EXERCISE DETAILS: Reproduce the listing below exactly, except for its pictures.

EXERCISE DATA:
*-*-*

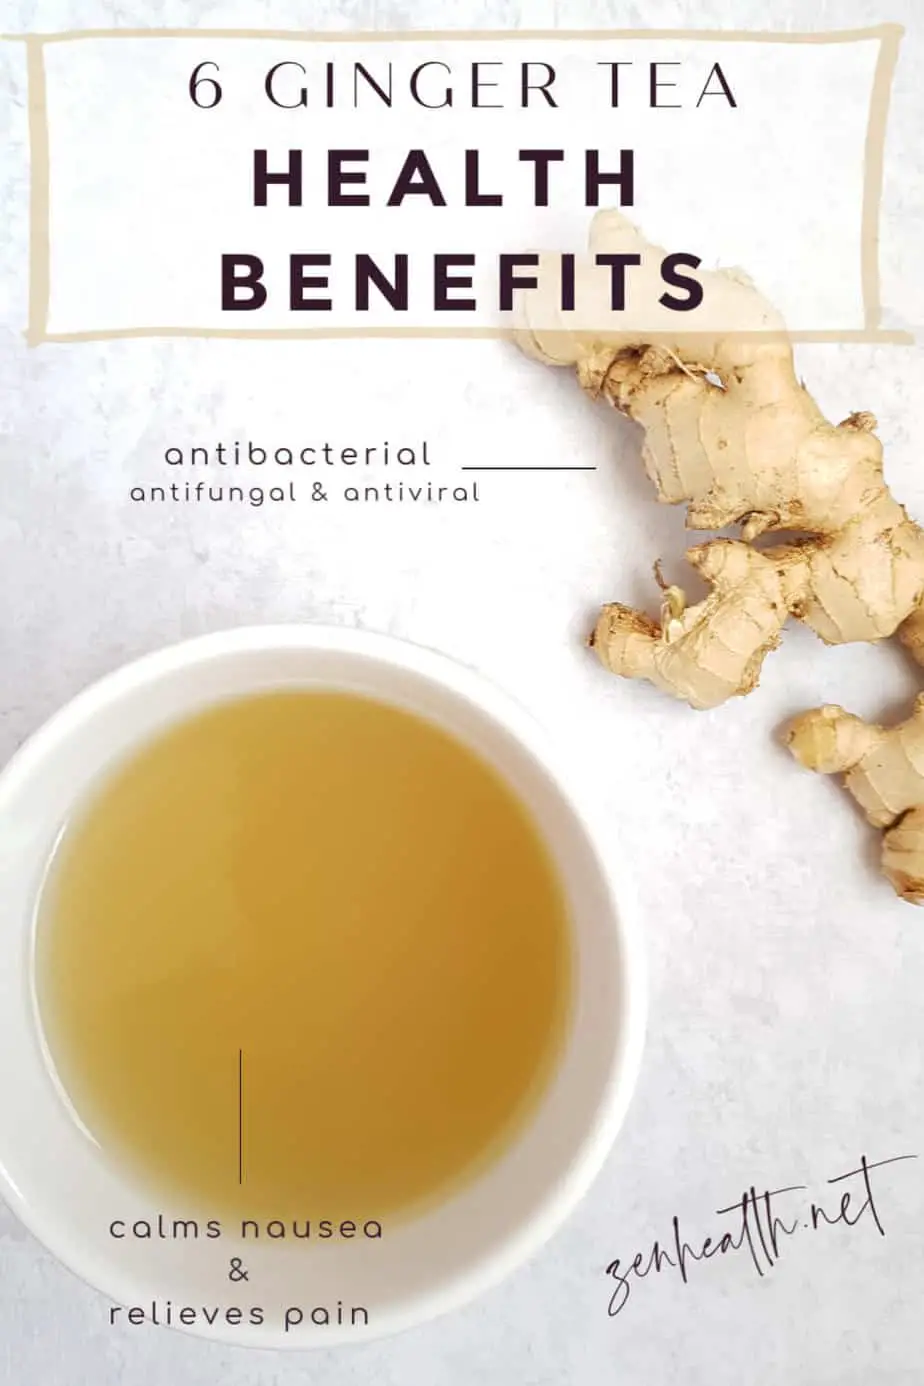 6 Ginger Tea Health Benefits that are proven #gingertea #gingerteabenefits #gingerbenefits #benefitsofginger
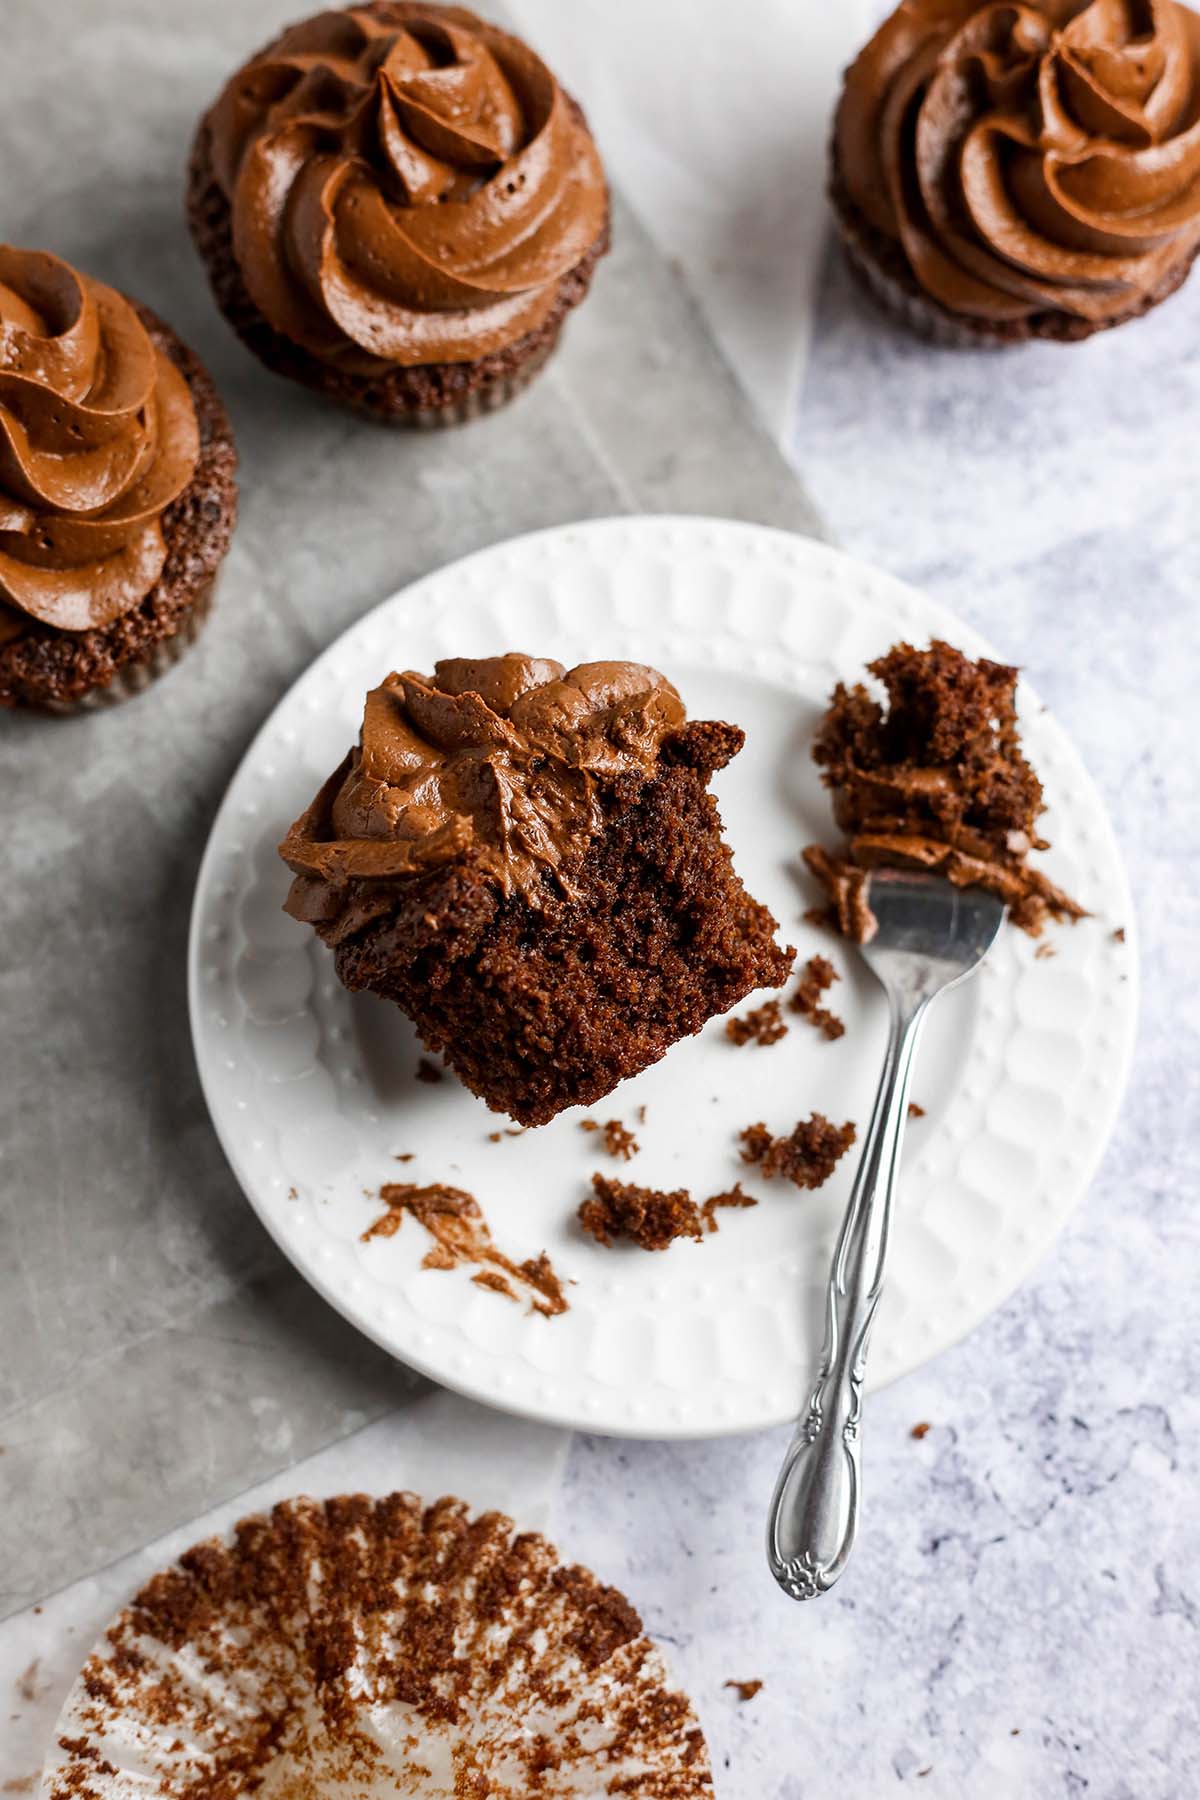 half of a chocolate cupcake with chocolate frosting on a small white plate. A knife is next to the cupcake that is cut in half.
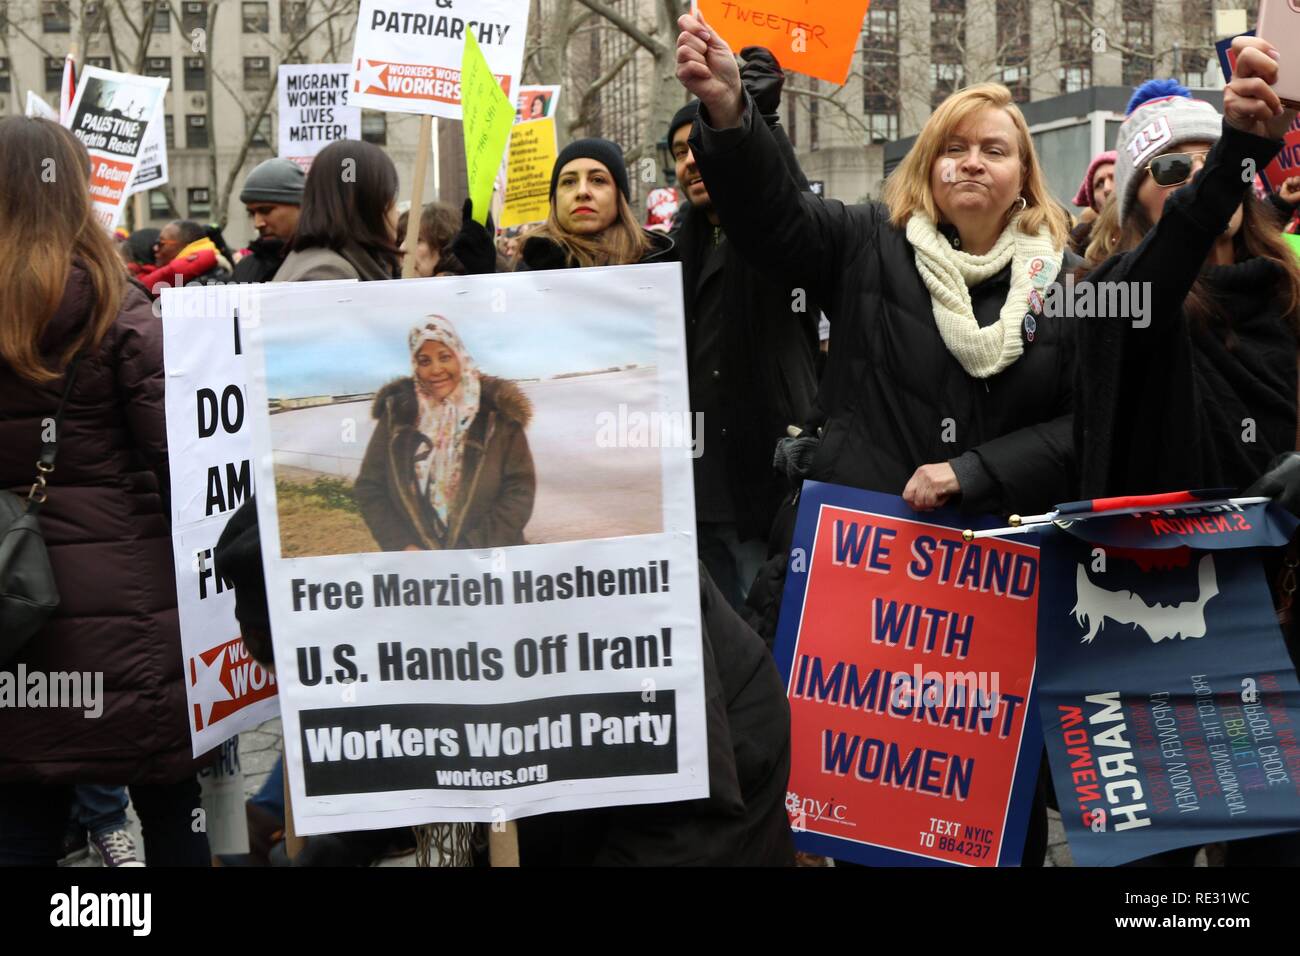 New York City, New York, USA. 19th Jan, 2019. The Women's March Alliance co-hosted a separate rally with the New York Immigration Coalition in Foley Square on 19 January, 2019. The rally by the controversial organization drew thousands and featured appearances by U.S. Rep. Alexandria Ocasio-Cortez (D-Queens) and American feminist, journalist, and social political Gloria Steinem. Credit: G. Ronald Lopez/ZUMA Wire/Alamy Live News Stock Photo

*-*-*

TASK SOLUTION:
 6 Ginger Tea Health Benefits that are proven #gingertea #gingerteabenefits #gingerbenefits #benefitsofginger
 half of a chocolate cupcake with chocolate frosting on a small white plate. A knife is next to the cupcake that is cut in half.
 New York City, New York, USA. 19th Jan, 2019. The Women's March Alliance co-hosted a separate rally with the New York Immigration Coalition in Foley Square on 19 January, 2019. The rally by the controversial organization drew thousands and featured appearances by U.S. Rep. Alexandria Ocasio-Cortez (D-Queens) and American feminist, journalist, and social political Gloria Steinem. Credit: G. Ronald Lopez/ZUMA Wire/Alamy Live News Stock Photo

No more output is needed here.